▶ **Available data**
=== Section Start ===
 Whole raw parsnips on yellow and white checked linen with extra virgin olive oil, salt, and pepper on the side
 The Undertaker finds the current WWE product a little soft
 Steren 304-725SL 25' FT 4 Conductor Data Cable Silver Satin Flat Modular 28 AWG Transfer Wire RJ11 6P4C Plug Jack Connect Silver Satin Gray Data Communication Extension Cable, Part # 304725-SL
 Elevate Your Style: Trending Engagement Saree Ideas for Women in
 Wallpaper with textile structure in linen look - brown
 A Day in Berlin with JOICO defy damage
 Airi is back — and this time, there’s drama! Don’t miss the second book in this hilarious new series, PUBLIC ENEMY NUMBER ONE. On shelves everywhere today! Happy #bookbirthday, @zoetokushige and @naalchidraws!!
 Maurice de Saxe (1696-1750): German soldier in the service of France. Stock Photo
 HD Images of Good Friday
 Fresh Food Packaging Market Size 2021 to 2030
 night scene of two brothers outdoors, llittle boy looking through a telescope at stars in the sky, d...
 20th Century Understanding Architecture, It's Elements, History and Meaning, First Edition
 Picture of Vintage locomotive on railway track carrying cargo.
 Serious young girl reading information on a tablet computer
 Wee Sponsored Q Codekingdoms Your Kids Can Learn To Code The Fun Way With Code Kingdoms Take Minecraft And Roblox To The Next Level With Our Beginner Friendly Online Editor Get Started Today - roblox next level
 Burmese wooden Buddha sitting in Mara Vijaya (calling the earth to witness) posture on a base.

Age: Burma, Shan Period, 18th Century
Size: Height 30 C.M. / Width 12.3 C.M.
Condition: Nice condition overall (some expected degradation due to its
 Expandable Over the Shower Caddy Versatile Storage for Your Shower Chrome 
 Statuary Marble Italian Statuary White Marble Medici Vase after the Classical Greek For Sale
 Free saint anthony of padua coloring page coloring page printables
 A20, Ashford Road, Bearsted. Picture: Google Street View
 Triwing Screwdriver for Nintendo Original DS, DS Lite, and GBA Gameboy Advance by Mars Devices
=== Section End ===
▶ **Exercise**
The line with "Free saint anthony" marks where to start. Transcribe from there through the final line of the records, exactly and with nothing added.

▶ **Written response**
 Free saint anthony of padua coloring page coloring page printables
 A20, Ashford Road, Bearsted. Picture: Google Street View
 Triwing Screwdriver for Nintendo Original DS, DS Lite, and GBA Gameboy Advance by Mars Devices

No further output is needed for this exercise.